Dresden redux

One week ago, I posted a rather lengthy piece about the 60th anniversary of the firebombing of Dresden. In it, I mentioned that there are many myths about the firebombing (inflated death tolls, that Dresden had "no military significance," etc.). Lest anyone think I was exaggerating the emotions that Dresden still provokes today and the persistence of some of the myths about it, I became aware that my article had been linked to in the comments of a recent entry in Matt Yglesias's weblog by someone trying to debunk one myth being propagated in the comments thread. (Tip o' the hat to Andrew for using my blog to debunk myths on high traffic blogs!) In the original post, Matt points out an article that uses a particularly hyperbolic and offensive comparison to Dresden with regards to the educational system. Check out some of the comments. Most are about the educational system or the appropriateness of the analogy, but the ones about the Dresden raid itself are very heated, some even vitriolic. One caught my eye first, as he was repeating exaggerated claims as though they were fact:
Dude, in a half day, a half million people, mostly civilians, were killed. How is that not "the worst single event massacre of all time"? It tops both Japan atomic bombings and the Tokyo fires. If you can come up with a similar event on a similar time-scale, I'm all ears.
There it was, an estimate more than ten-fold higher than the highest credible estimates of the death toll, stated as fact. It was more than twice the highest exaggerated death toll I had ever heard.

Also, here was another fallacious statement (albeit by a person remonstrating with the person who posted above):
No one really knows how many people died in Dresden, Hiroshima, Tokyo, or Nagasaki because the bodies were completely burned it's all estimates.
No, this is incorrect as well. There are actually very good estimates of how many died in Dresden, compiled by the Germans themselves and intentionally exaggerated by Goebbels for propaganda. Later, the Soviet rulers of East Germany considered it convenient to allow Goebbel's exaggerations to be propagated, in order to make the British and Americans look brutal. This person is correct, however, when she says:
...by any metric Hitler's extermination programs and their side projects were worse.
Definitely. The reason fascists equate the Dresden bombing with the Holocaust is to downplay the scope of the Holocaust.

Finally, part of one comment in the thread was simply so spot-on that I have to include it:
Can we please, perhaps, just agree that invoking Hiroshima, The Holocaust, Dresden, The Rape of Nanjing, The Cultural Revolution, The Trail of Tears, The St. Bartholemew's day Massacre, Rwanda, The Black Plague, or The Extinction of the Dinosaurs are all rhetorically excessive when compared to just about any domestic social issue?

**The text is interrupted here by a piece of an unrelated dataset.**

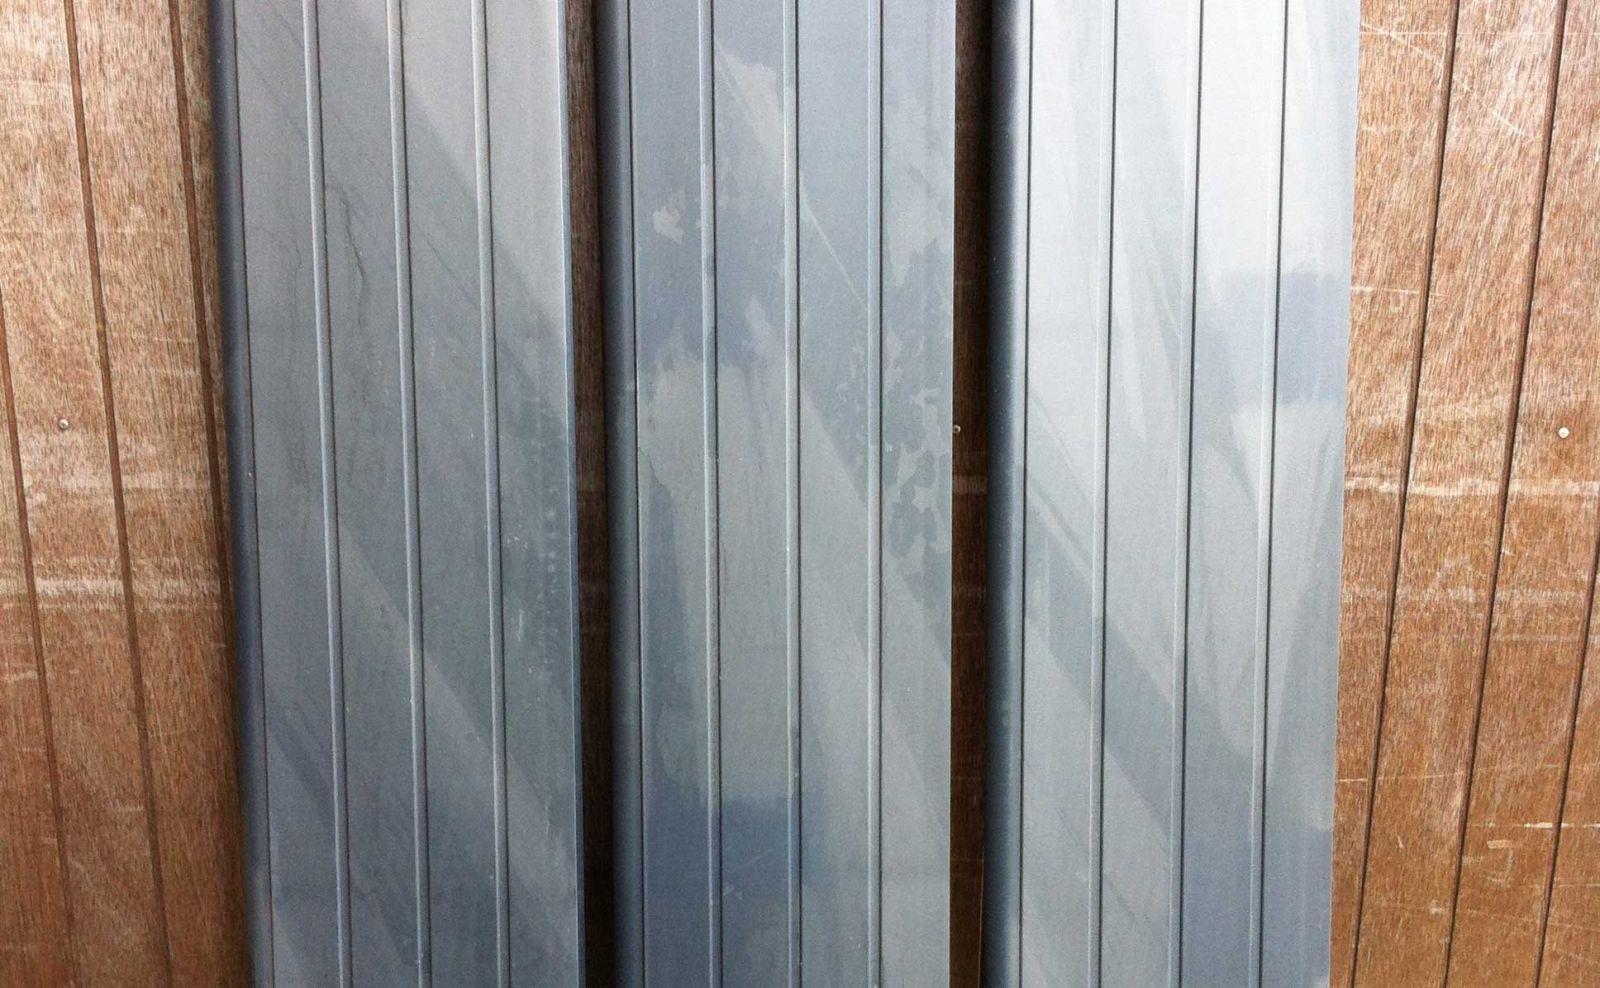 Eco Woodgrain Gravel Boards Pvc Fencing System Plastic

Such rhetorical excesses shed much heat but very little light. Their usual purpose is to demonize the subject of the attack without actually having to bother to do the heavy lifting of justifying the attack with, oh, say, actual persuasive evidence. Usually, when you see this kind of rhetorical excess, it is a sign that the person using it either has a weak argument, is intellectually lazy, or is just interested in polemics. Unfortunately, all too often these days, polemics work.